Unfortunately, the short answer seems to be yes.

After we finish reading Jonathan Franzen's Freedom sometime this weekend, The Ape will have read forty-five novels/short story collections this year, most of them new titles. Of these, only eight are by women. Even more startlingly, none of the women writers were of color.

We are not happy about this. It seems that if we reading according only to our taste, we overwhelming choose writers like us: white, male, and American (though we go out of our way to cover contemporary American writing, so that last one is not a surprise).

Some gravitation towards sameness is neither shocking nor undesirable, but the imbalance here is dismaying and is cause for some self-reflection. How did this happen and what is to be done about it?

Some of this is contingent: burning through all three of Stieg Larsson's books and and Philip Pullman's His Dark Materials Trilogy perhaps skewed the numbers. Still even last year, of the sixty-one novels/story collections we read, only fifteen were by women, somewhat better than this year, but still not a ratio we're comfortable with.

Perhaps as Picoult and Weiner charge, there is a bias in mainstream book-reviewing and that bias, paired with whatever our own biases are, materially affects the authors we read. Perhaps we've overlooked some serious, talented women for reasons that are not fully realized.

Perhaps the genre itself is skewed; perhaps it is dominated, for reasons either related or not to our own biases, by white men. Here are the female writers of American literary fiction with new books (either paperback or hardback) we've read this year: Julie Orringer, Lorrie Moore, Hilary Thayer Hamann, Amy Greene, Jennifer Egan, Aimee Bender, and Michelle Hoover. Who have we missed? Jane Smiley has a new book, but we've always been lukewarm on her. Is that the smoking gun, our relative lack of excitement for Jane Smiley?

For comparison's sake, here's a gender breakdown of The Millions' most anticipated books of 2010: forty-two total, eight by women--a ratio that seems oddly familiar. And yet not at all comforting.

We're going to thinking about this further, but are also interested to hear what others make of this. We're particularly interested in titles we might pick up to fill in whatever gaps we've missed from women writers over the past year.

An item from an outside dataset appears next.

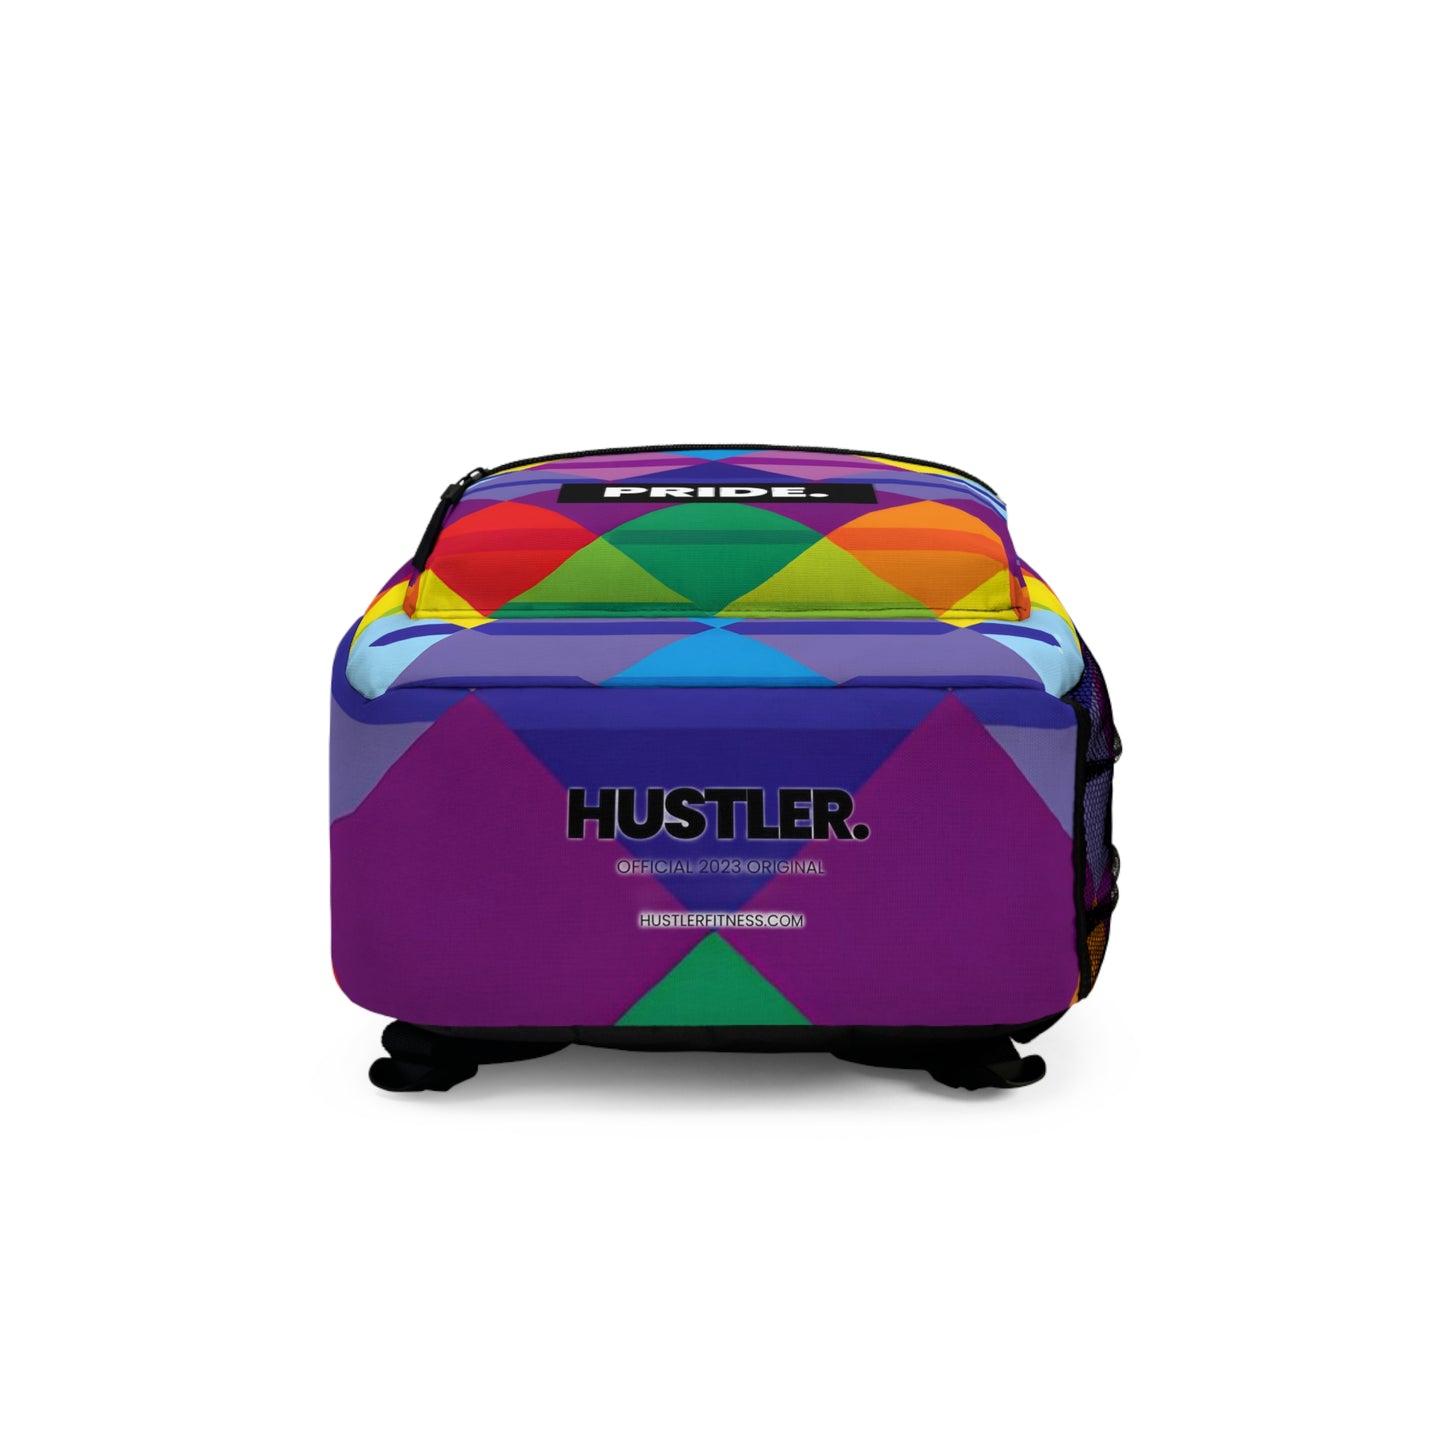 MissTronic - Hustler Pride Backpack

  1. I'm afraid I have nothing insightful to add except to say that the vast majority of books I read are by men. But my favorite novels of all time - you know, that special list of transcendent or prophetic books - include Wharton, Cather, M. Robinson, and E. Bronte. So while I'm likely to read a novel by a man, I'm a hell of a lot more likely to re-read a novel by a woman. I don't know about you, but I'd rather be on a super select list of pure, unadulterated awesomeness. Have a good weekend. Cheers, Kevin

  2. It's very gratifying to me that not only can you recognize your own biases but you're willing to change them. I've got a few suggestions:

    She's not American, but Isla Morley's new novel "Come Sunday" is really fantastic. I'm writing a review about it next week.

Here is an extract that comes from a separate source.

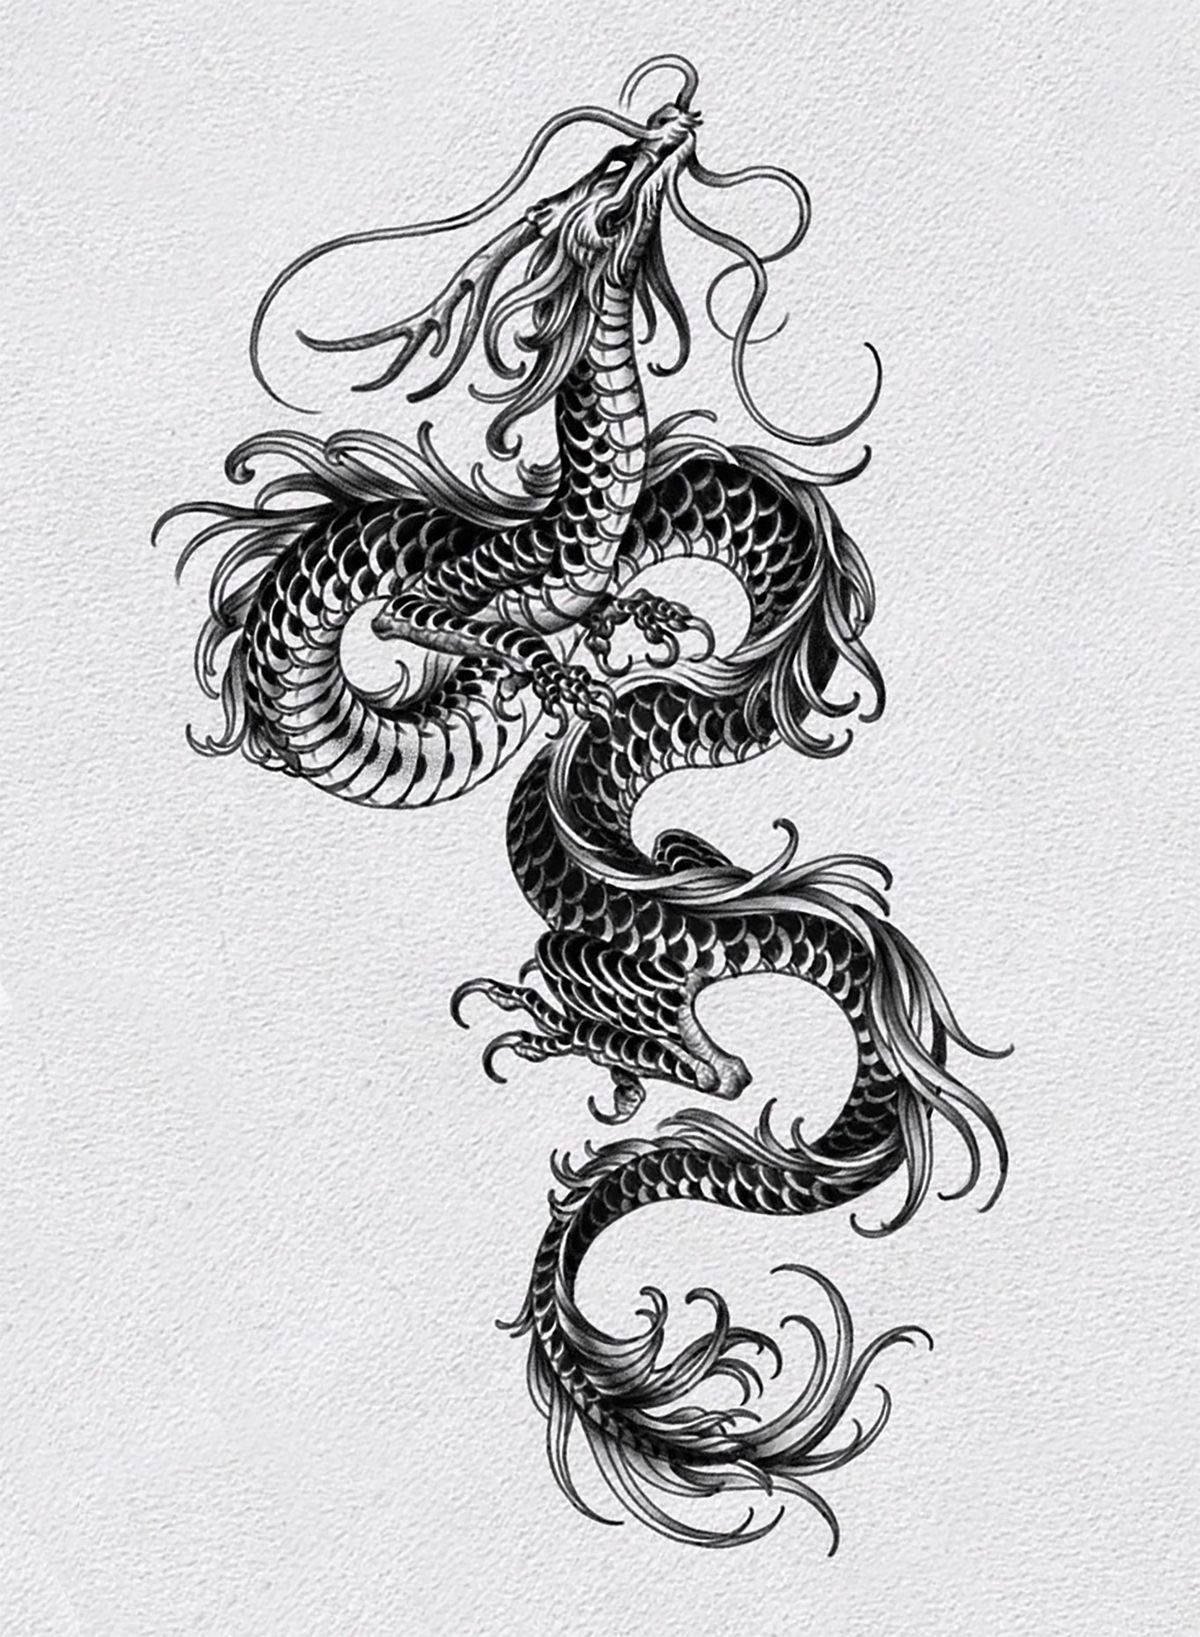 Papelde Parede De Tatuagem De Dragão Japonês Extraordinário. Papel de Parede

    I also suggest anything by Louise Erdich, but particularly Plague of Doves.

    Kate Atkinson and Tana French - both great for literary mysteries

    Also, anything by Jennifer McMahon is worth a read.

    I also noticed in looking at my own reading that I tend to read more literary fiction writen by men, and the "easy" stuff is mostly by women (including most of the YA I read). Not sure why but perhaps it reflects my own biases as well (or the biases of publishers and how they market and acquire fiction).

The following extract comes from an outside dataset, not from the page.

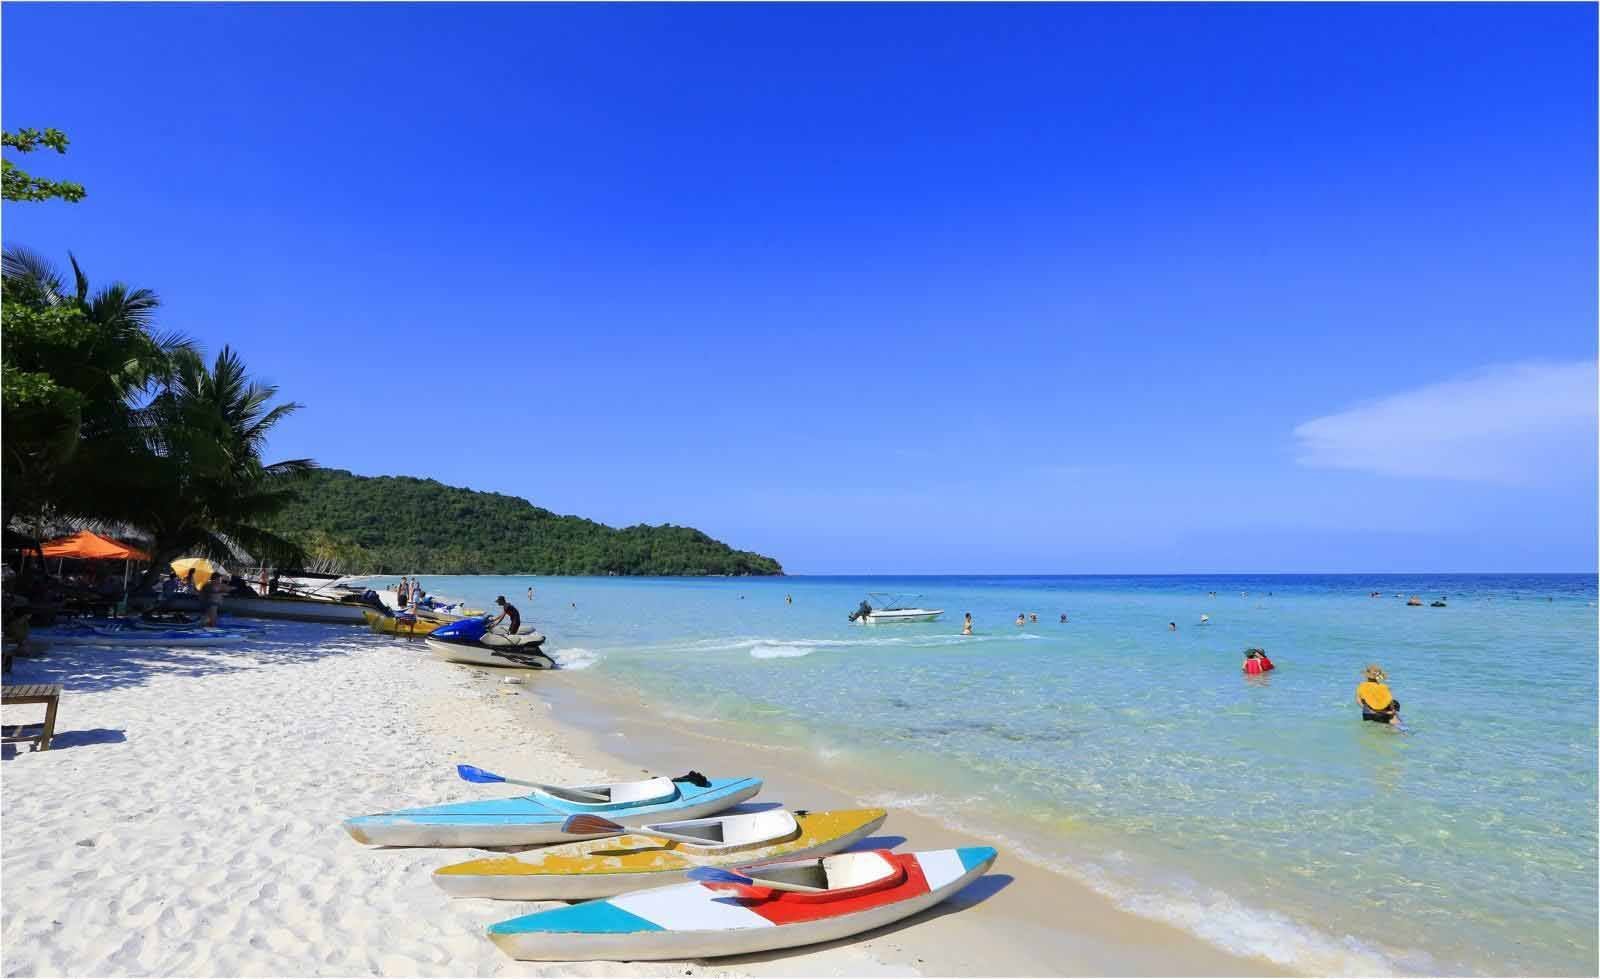 Чем интересен для туристов остров фукуок во вьетнаме?

  3. I don't know the numbers, but I feel like a greater number of male authors write the sorts of books you're interested in. From January through May of this year, 14 of the 36 books I read were authored by women, but in looking at that list of 14, I'm not sure you would want to read most of them.

    I am all for choosing books based on what I'm interested in reading, rather than striving for gender equity in my list of authors. But I guess I'm just shallow that way. ;)

  4. My reading splits about 50/50 by gender, so I have plenty of ideas, although I don't know your tastes well and also don't know if you're looking specifically for American women with new books out. Right now, I'm reading and enjoying Julia Glass's new book and Nicole Krauss has a new book coming. If you're not looking for upcoming or 2010 books, no one tops Marilynne Robinson in my mind, and Barbara Kingsolver won the Orange Prize this year (though she's not a favorite).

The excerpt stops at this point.